Children are being used as pawns in the teacher unions' fight against performance-related pay, the chief inspector of schools said yesterday.
Chris Woodhead stepped into the fight between teachers and the Government after delegates at the National Union of Teachers' conference in Harrogate said the stress for teachers caused by the pay reforms would mean more stress for children.
Under the plans, pay rises will depend partly on the pupils' results. Mr Woodhead told BBC Radio 4's Today programme: "Teachers' pay doesn't depend exclusively on results. Part of it does and part of it should because a teacher's job in a primary school is to ensure children learn to read and write and to master the basic rules of number."
He added that the pressure felt by pupils was usually communicated by the teacher: "I don't think teachers are going to be so unprofessional that they communicate unacceptable levels of stress.

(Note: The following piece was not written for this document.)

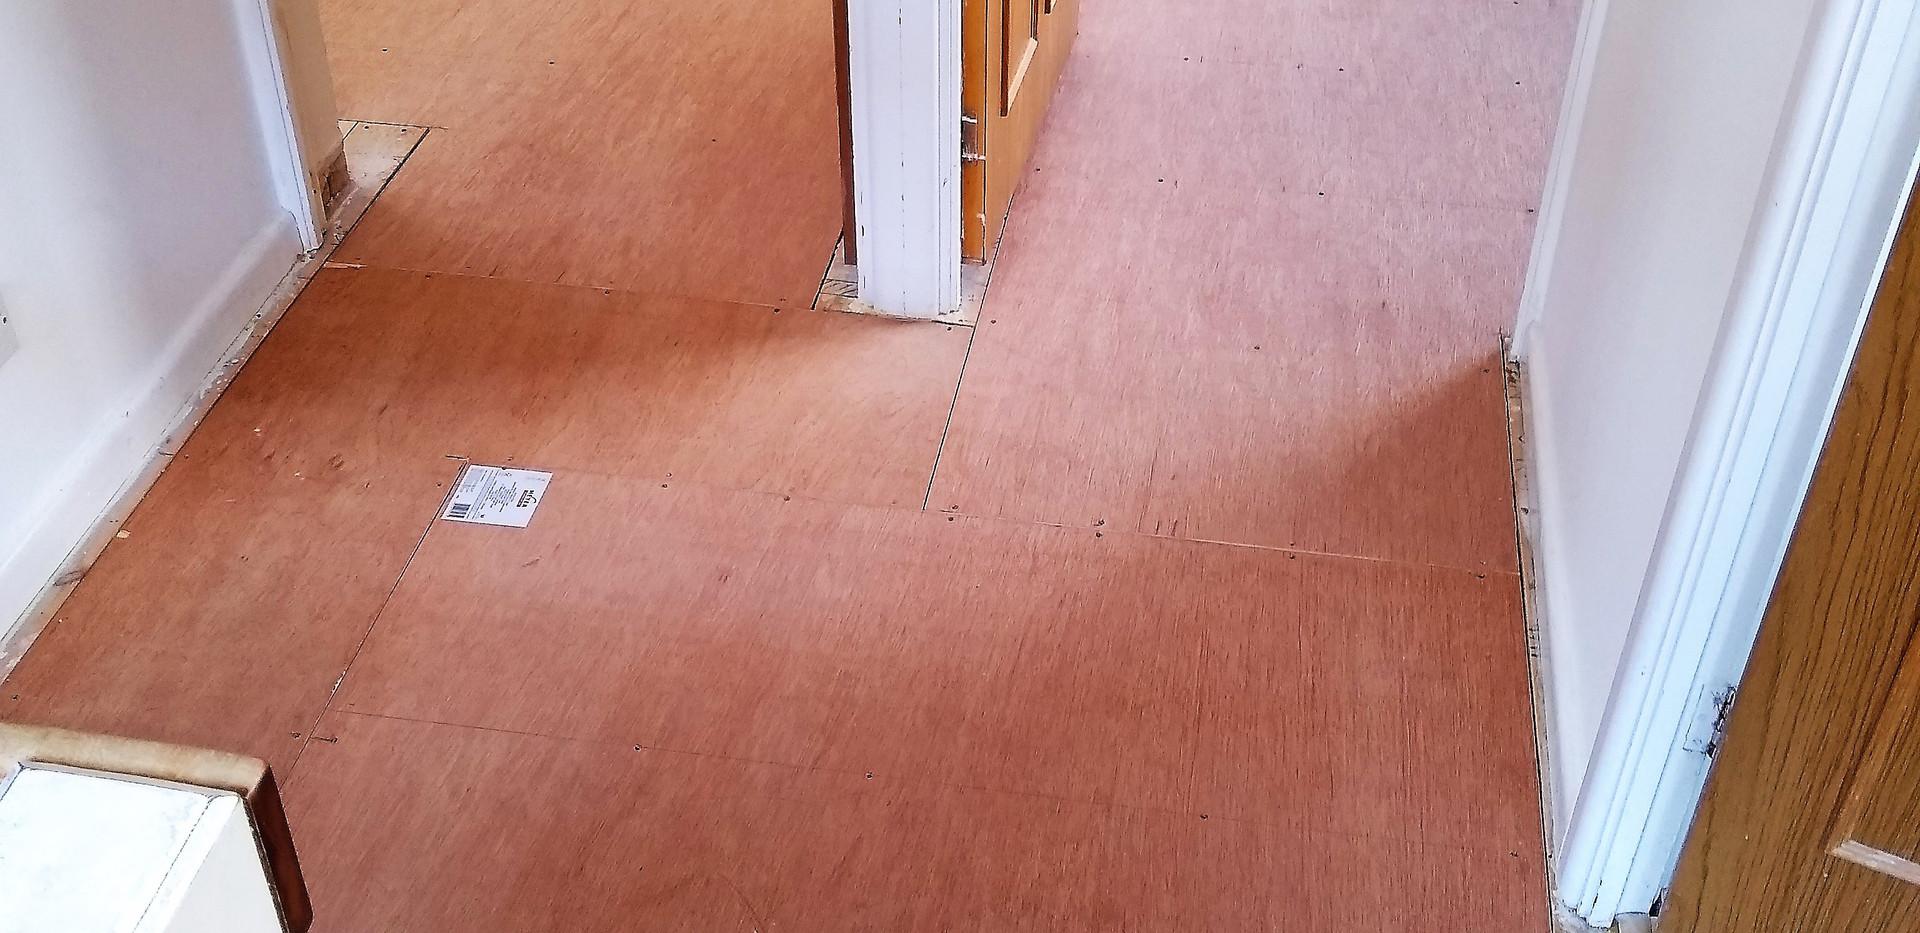 Squeaky floor repair
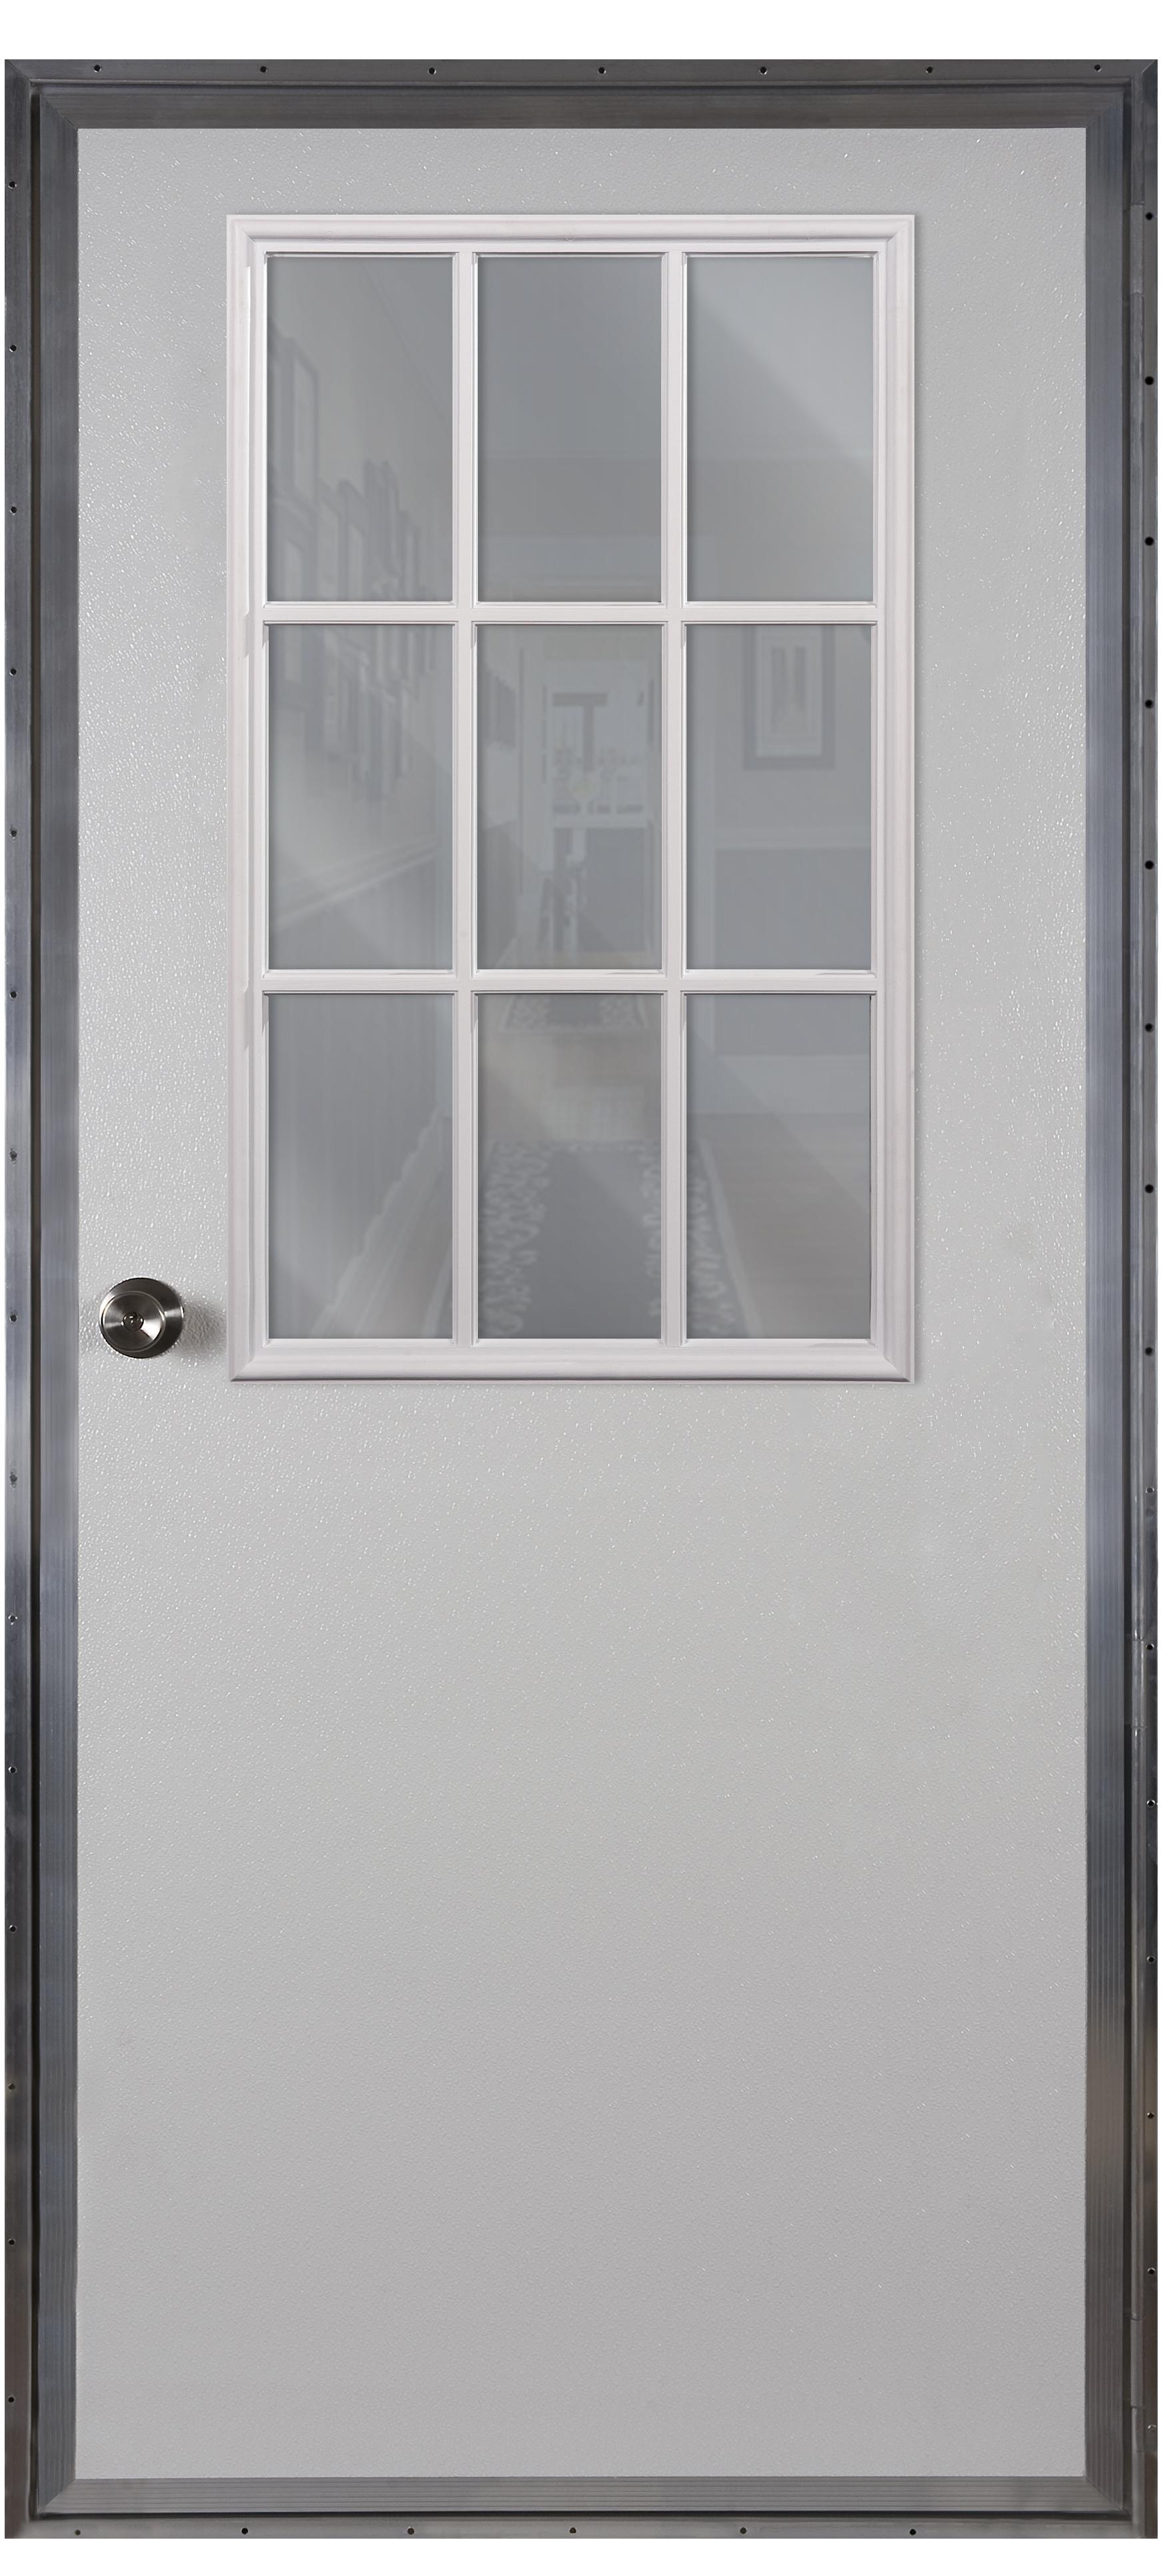 30 Inch Exterior Door With Window Doors Awesome 30 X 80 Exterior Door 30 Inch Steel Door Lowes

I think they are using children as pawns in a game, the game being that the union is opposed to performance-related pay just as it is opposed to inspection."
Commenting on the cases of four teachers whose deaths have been linked at inquests to inspections by Ofsted, the body he heads, he expressed "deep sadness" but said the coroners' courts had "not concluded cause and effect in a simplistic way". Ofsted was looking at ways of reducing the pressure on teachers but parents generally supported regular inspections, he said.
Doug McAvoy, the union's general secretary, strongly defended the teachers. "There can be no doubt that when you introduce payment by results teachers become anxious. You can't expect that anxiety not to communicate itself to pupils.
"One of the results will be that teachers will concentrate their efforts on those children whose results will be the easiest to improve," he said.
Teachers say performance-related pay will increase stress in a profession already under huge pressures. The union is dealing with 120 cases of teachers who are considering suing local authorities for stress. One delegate from Bradford said a survey of its members found 52 per cent were suffering from stress.
Delegates voted to take industrial action if bullying heads failed to change their ways after hearing that one in four teachers - 100,000 - had been bullied in recent years.
Simon Jones of the executive said that one teacher whose partner had died of cancer had been told by her headteacher that it was good the distraction was over so that she could focus more on her teaching.